Meine Erklärung für das hier war immer noch die Tv-show. Oder ein Traum.Ja, ein ziemlich langer, luzider Traum, und ich würde jeden Moment aufwachen und mir den Arsch darüber ablachen, zurück zu meinen Freunden gehen und den nächstbesten Scheiß machen. Doch leider musste mein Leben mich enttäuschen, denn die Front des Gebäudes begann sich zu öffnen und offenbare wahrhaftig einen Drachen.

Einen echten, bestimmt zwanzig Meter großen, grün schimmernden Drachen,mit tiefschwarzen Augen, die dennoch freundlich in die Menge schauten. Die Schüler jubelten und applaudierten, dann setzten sie ihre Gespräche fort und betrachteten ihn dabei ausgiebig. Der Drache, begleitet von einem Mann Mitte vierzig, lief ein paar Schritte ins Freie und ließen mich einen kurzen Blick auf seine Krallen erhaschen – die wollte ich lieber nicht auf meiner Haut spüren. Als er vollständig auf dem Platz stand tat er etwas, das ich nach wenigen Sekunden als Strecken identifizieren konnte – ja,e streckte sich. Fast wie eine Katze, erst nach Vorne, dann nach Hinten und schließlich breitete er seine Flügel aus.

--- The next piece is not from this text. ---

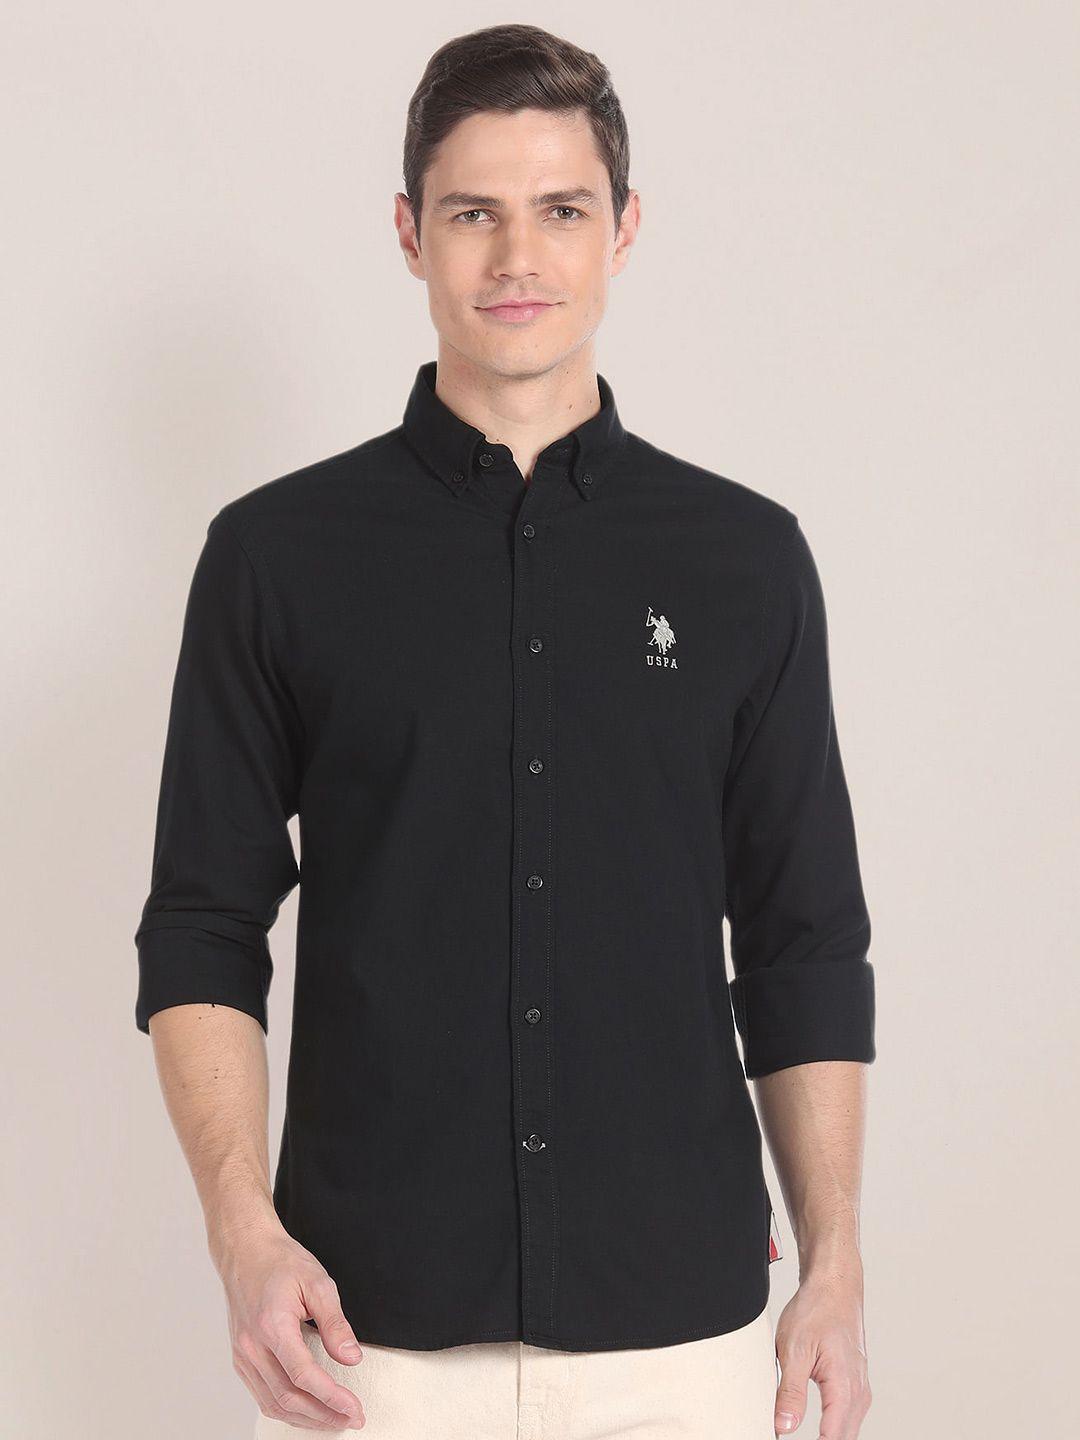 u.s. polo assn. button down collar regular fit premium cotton casual shirt

Ich kam aus dem Staunen nicht mehr raus, weshalb ich auch nicht bemerkt hatte, dass Samuel plötzlich neben mir stand. Erst seine Stimme ließ mich kurz zusammenzucken und seine Anwesenheit bemerken.„Französischer Walddrache, Jungtier, dreihundertundzwölf Jahre alt. Zweiundzwanzig Meter groß, achtzehn Meter Flügelspannweite.Fünf Meter langer Schweif mit hochgiftigen Stacheln am Ende, die er allerdings nur zeigt, wenn er in Gefahr schwebt.", murmelte Samuel,allerdings laut genug, sodass wir vier es hören konnte.

„Das-", staunte ich und deutete nochmals auf den Drachen, „Soll klein sein? Was ist denn dann bitte groß?!" „Nun, unser größt eDrache ist siebenunddreißig Meter groß mit vierzig Metern Flügelspannweite. Das weltweit größte, lebende Exemplar ist knapp fünfzig Meter groß mit einer Spannweite von sechsundfünfzig Metern und lebt in Russland.", erklärte Direktor Sacallius. „Das ist ein Scherz. Das alles hier ist doch nur ein schlechter Scherz. Ich laufe einfach gemütlich wieder nach oben und werde dann von euch aufgeklärt, dass das nur eine Fernsehsendung war, nicht wahr?",sagte ich beinahe schon verzweifelt, obwohl ich wusste, dass es real war. Ich spürte kurz darauf einen Kniff in meinen Oberarm, der von Samuel kam. „Siehst du? Du bist wach. Und Kameras sind hier auch keine." Ich lachte kurz, dann schaute ich wieder zu dem Drachen,dessen Blick sanft durch die Menge schweifte. Dann sah er mich an,und ich hatte beinahe das Gefühl, als starrte er mich an.Eindringlich, fordernd, aber das bildete ich mir wohl ein, bis ich eine Stimme hörte, ein leises Zischen: „Du lebst."

Irritiert sah ich mich um, doch keiner der um mich stehenden hatte mit mir geredet.

„Bin ich froh."

„Ha– habt ihr das auch gehört?", fragte ich vorsichtig. „Was gehört?", fragte Marie. „Ich – ist nicht so wichtig."

Ich hörte für den Bruchteil einer Sekunde einen Schrei, einen schrillen Schrei, den ich nicht identifizieren konnte, und welcher mich zusammenzucken ließ. Kurz darauf ertönte er wieder, es war wie ein Film bei schlechter Internetverbindung, der nur alle paar Sekunden ganz kurz weiter lief.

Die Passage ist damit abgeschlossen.